A hash is a function that converts one value to another. Hashing data is a common practice in computer science and is used for several different purposes. Examples include cryptography, compression, checksum generation, and data indexing.
Hashing is a natural fit for cryptography because it masks the original data with another value. A hash function can be used to generate a value that can only be decoded by looking up the value from a hash table. The table may be an array, database, or other data structure. A good cryptographic hash function is non-invertible, meaning it cannot be reverse engineered.
Different types of compression, such as lossy image compression and media compression, may incorporate hash functions to reduce file size. By hashing data into smaller values, media files can be compressed into smaller chunks. This type of one-way hashing cannot be reversed, but it can produce an approximation of the original data that requires less disk space.
Hashes are also used to create checksums, which validate the integrity of files.

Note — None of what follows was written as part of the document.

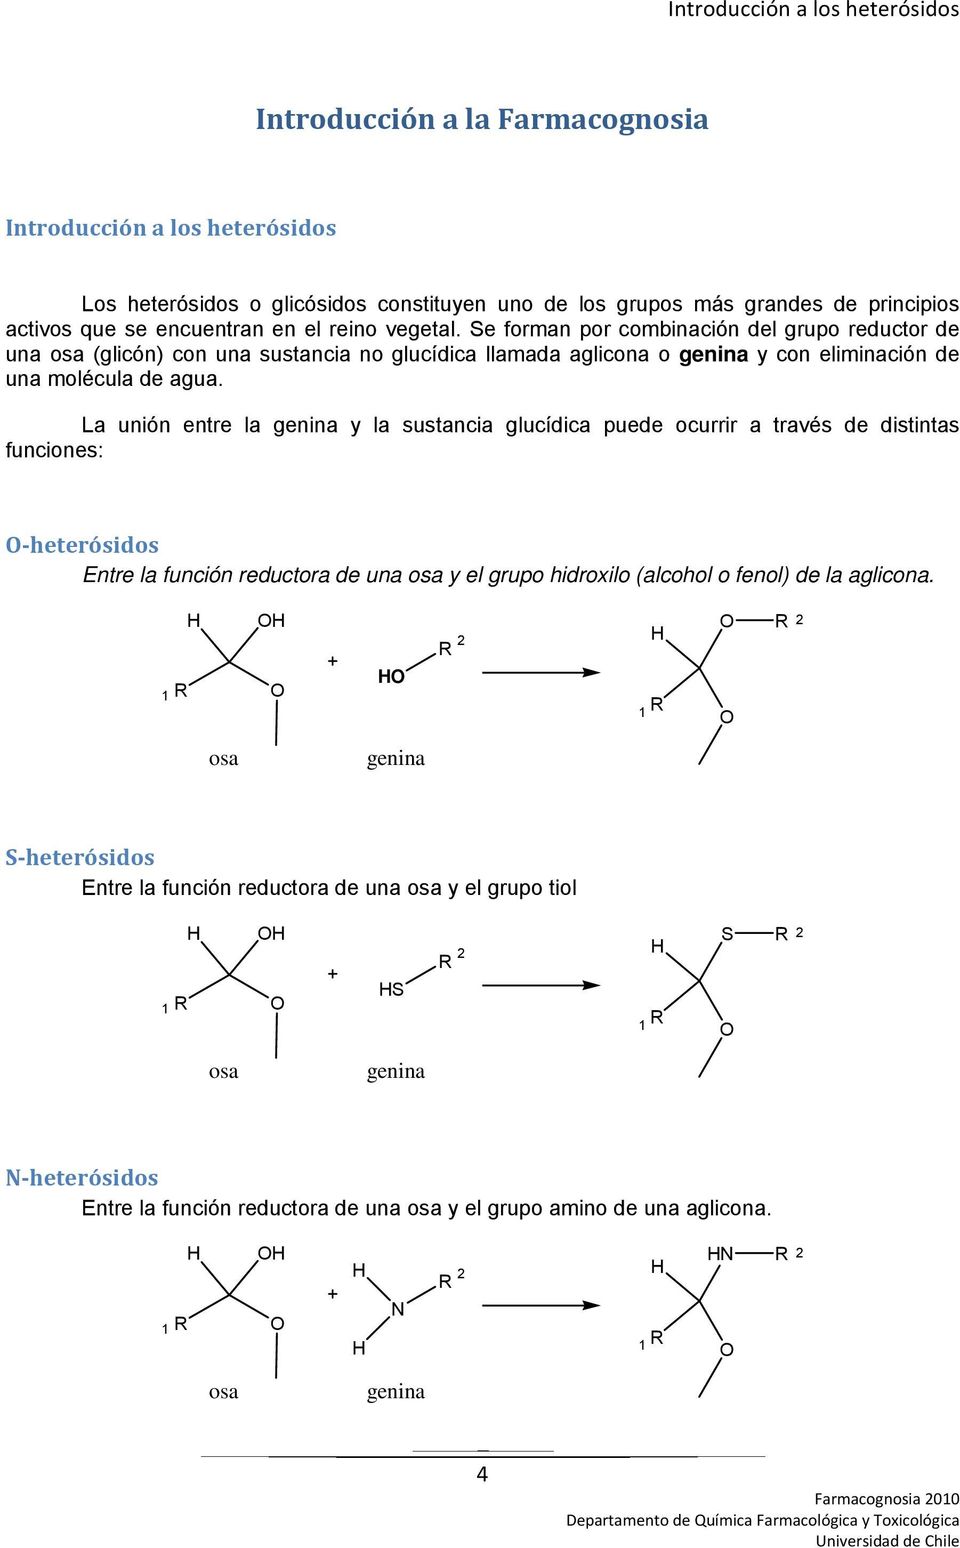 La unión entre la genina y la sustancia glucídica puede ocurrir a través de distintas funciones: heterósidos Entre la función reductora de una osa y el grupo hidroxilo (alcohol o fenol) de la

A checksum is a small value that is generated based on the bits in a file or block of data such as a disk image. When the checksum function is run on a copy of the file (such as a file downloaded from the Internet), it should produce the same hashed value as the original file. If the file does not produce the same checksum, something in the file was changed.
Finally, hashes are used to index data. Hashing values can be used to map data to individual "buckets" within a hash table. Each bucket has a unique ID that serves as a pointer to the original data. This creates an index that is significantly smaller than the original data, allowing the values to be searched and accessed more efficiently.
Updated: April 21, 2018